» EXERCISE DIRECTIONS
Every picture stays out; everything else in the listing below is to be returned exactly.

» GIVEN DATA

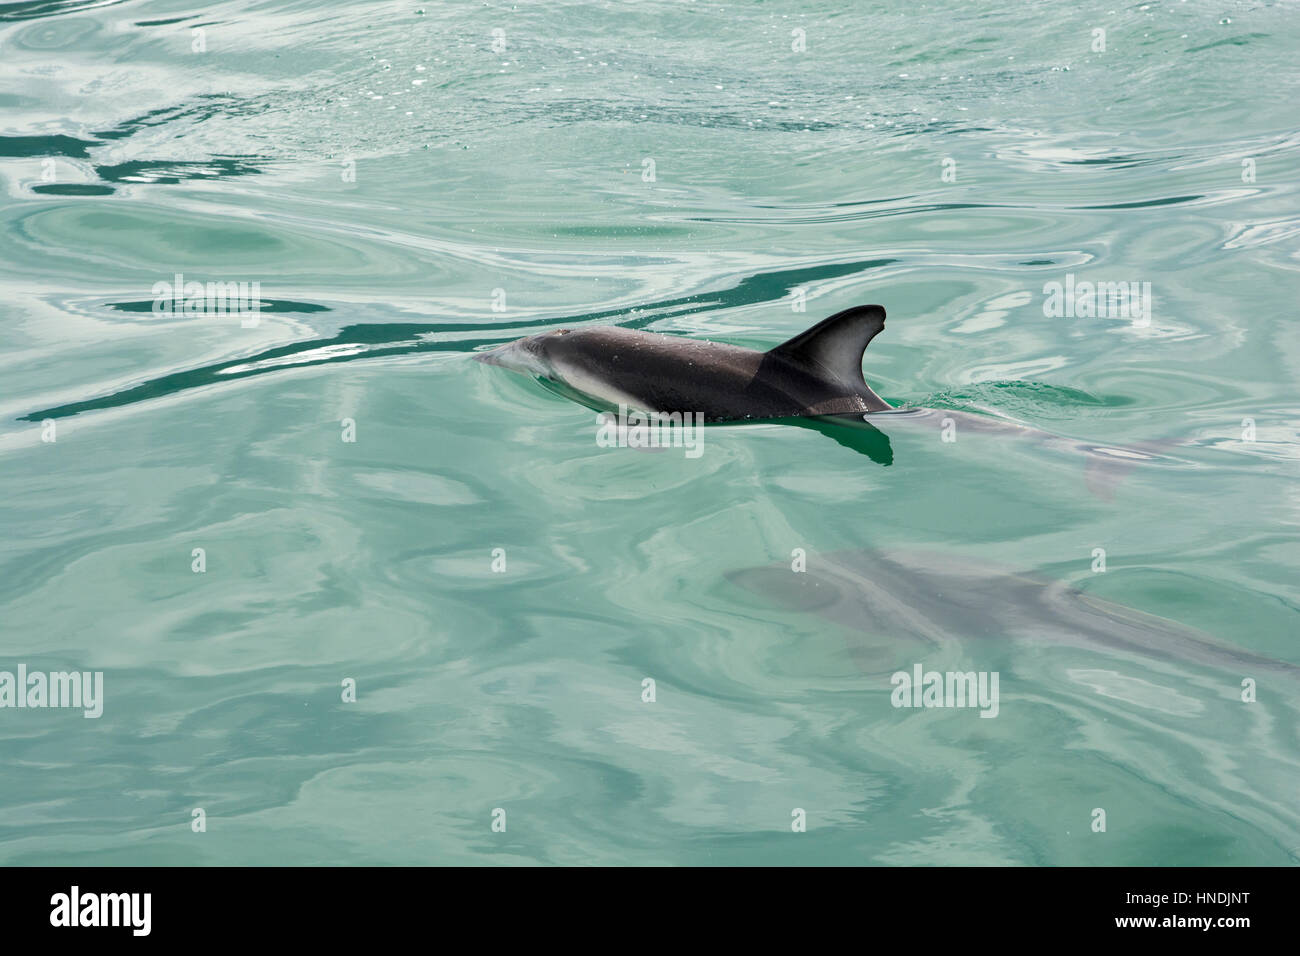 Dusky Dolphin swimming in the Pacific Ocean near Kaikoura in New Zealand.  Schwarzdelfine schwimmen im Pazifik in - Stock Image
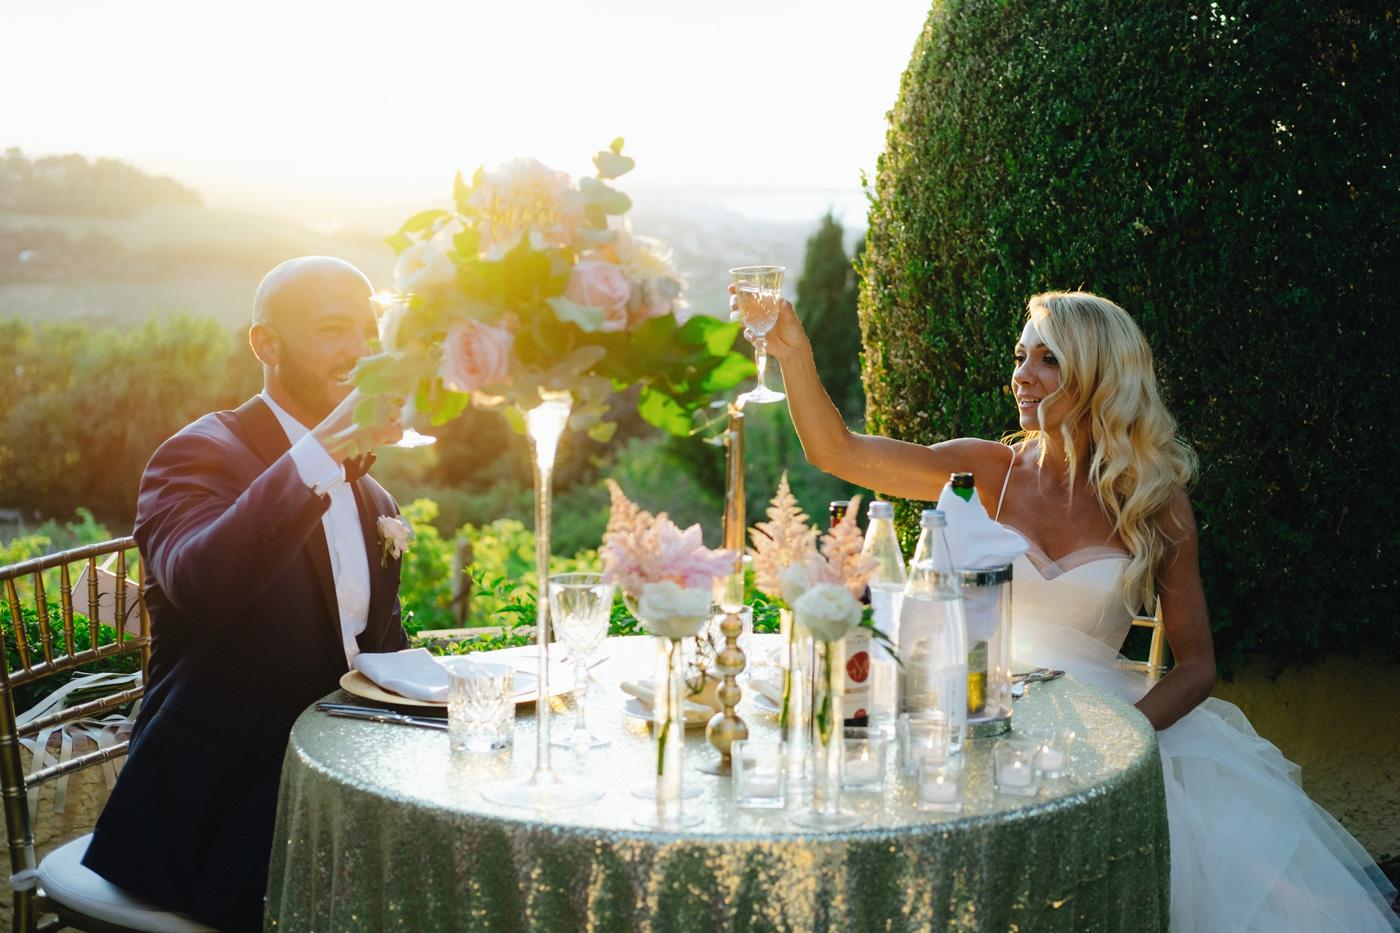 Matrimoni all'italiana wedding photographer italy-127.jpg
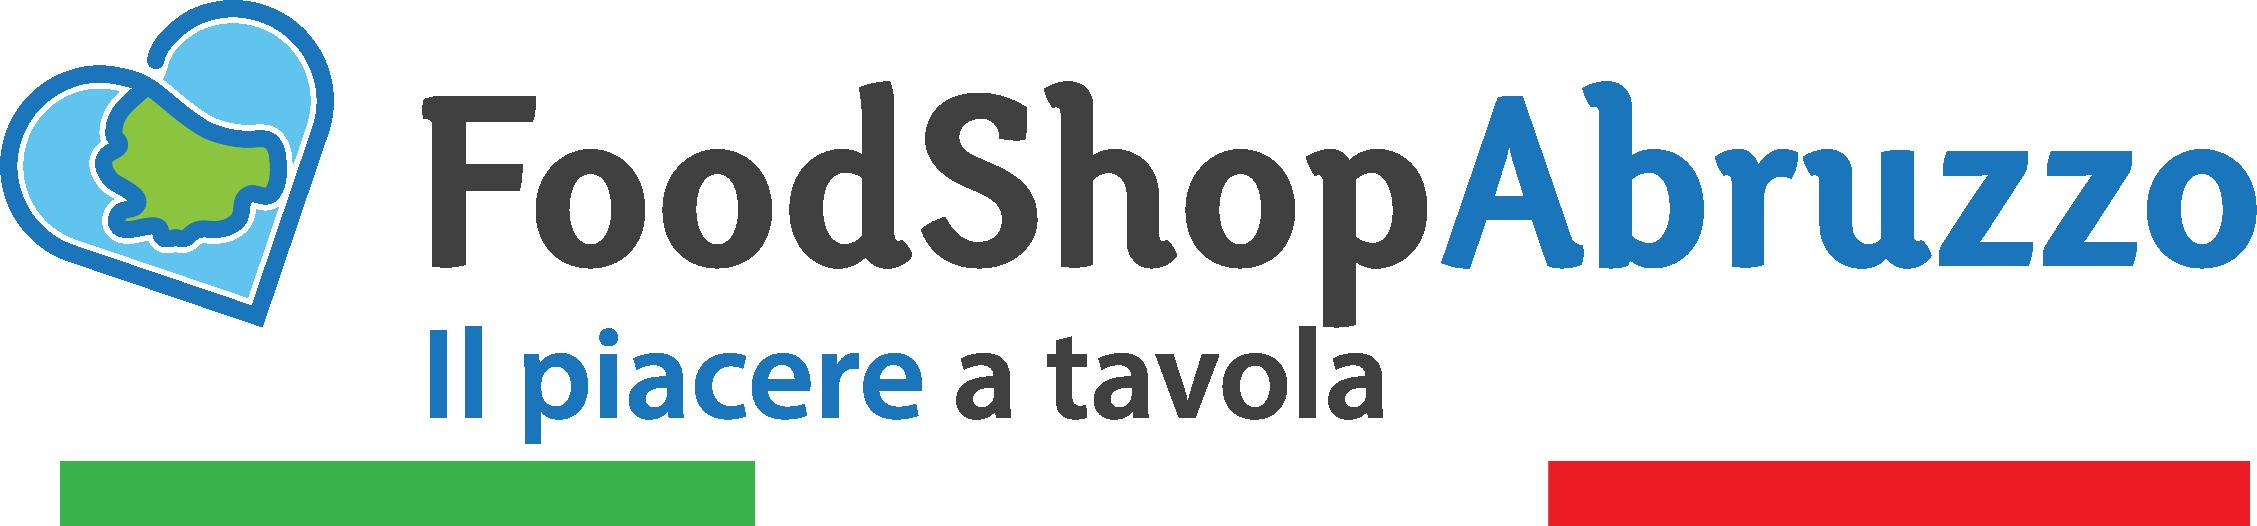 FoodShop Abruzzo

» OUTPUT BELOW
 Dusky Dolphin swimming in the Pacific Ocean near Kaikoura in New Zealand.  Schwarzdelfine schwimmen im Pazifik in - Stock Image
 Matrimoni all'italiana wedding photographer italy-127.jpg
 FoodShop Abruzzo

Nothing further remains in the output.